Once in a while, my mother will let me take her hand and walk her to her room, but there is no joy in her eyes or in her grip. The next time she gets pneumonia, the doctor will call hospice instead of writing a script for antibiotics in hopes she will go naturally. We have become anti-vaxxers for everything that is not contagious (my mother would never be OK with spreading something to someone else).
That she will get sick soon is her only hope of leaving this hell. And it is hell!
I bristle when people tell me that my mother is still in there, or that I can’t be sure she has no joy. I’m sure, and no, she’s not still in there. But then, she told me that long ago. My mother’s life is like any life where you are a prisoner on a locked floor, it’s hell, and I don’t need to hear the opinions of those who fear death, or who feel compelled to provide their dime store analysis of our situation. My mother was very clear about her wishes, and I am at least grateful that when she was able, she made my job a bit easier by putting her wishes in writing.
The time is soon; now!
Get your Do-Not-Resuscitate (DNR) order in place today.
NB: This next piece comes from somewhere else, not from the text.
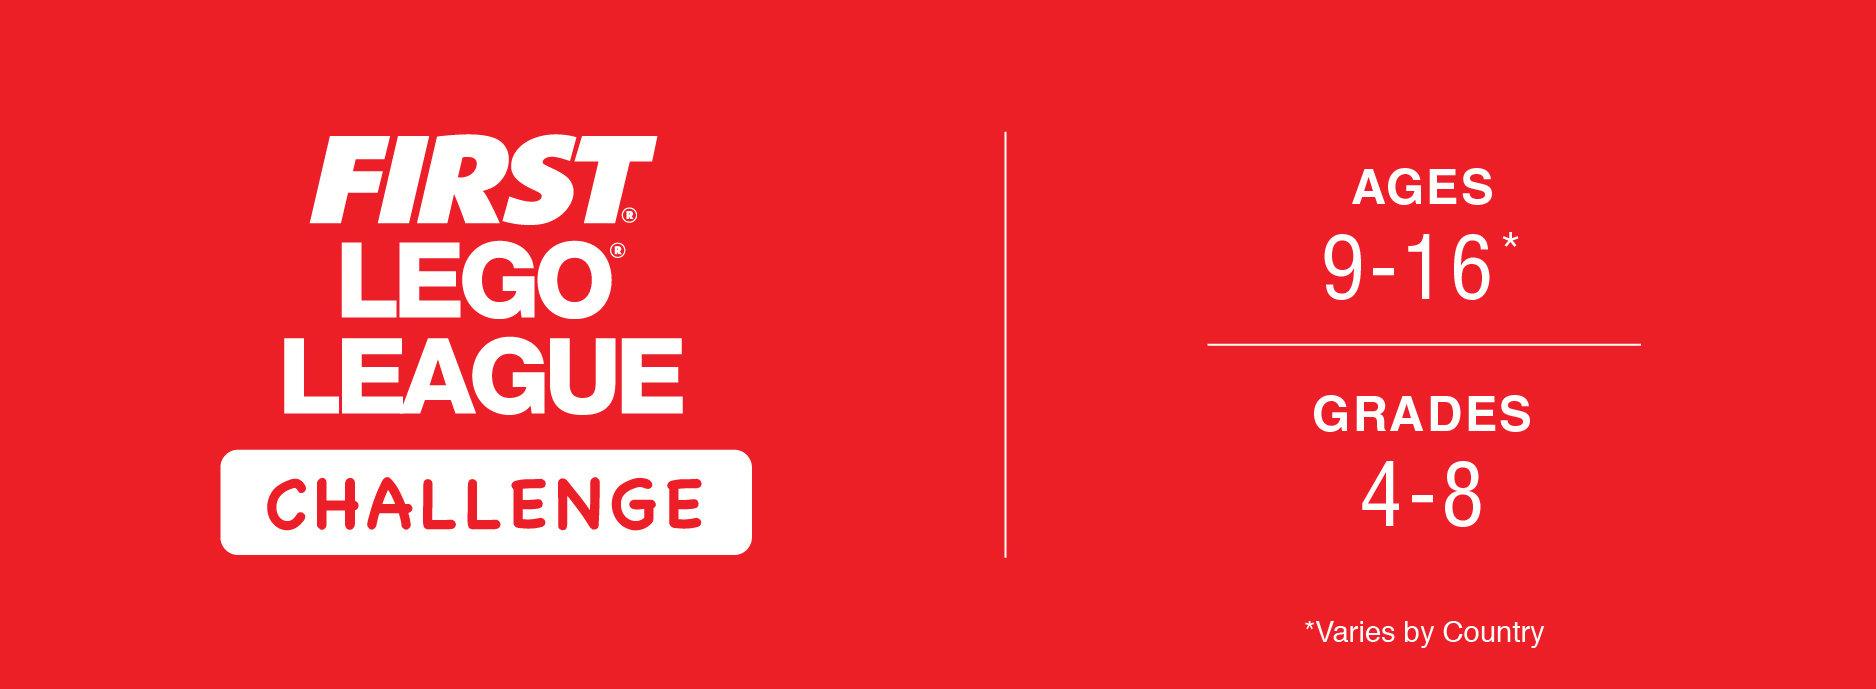 FIRST LEGO League Banner

Make sure a trusted friend knows how you feel and will carry out your wishes. File an advanced directive with your doctor and make sure it’s on file wherever it needs to be. Make clear before you are unable that your kids understand it’s your life and what you want is not negotiable based upon how they feel in the moment. If you want to pull out all the stops no matter what, that’s OK too but take the guesswork out for your family.
I could not control my mother’s illness, but my conscience is very clear.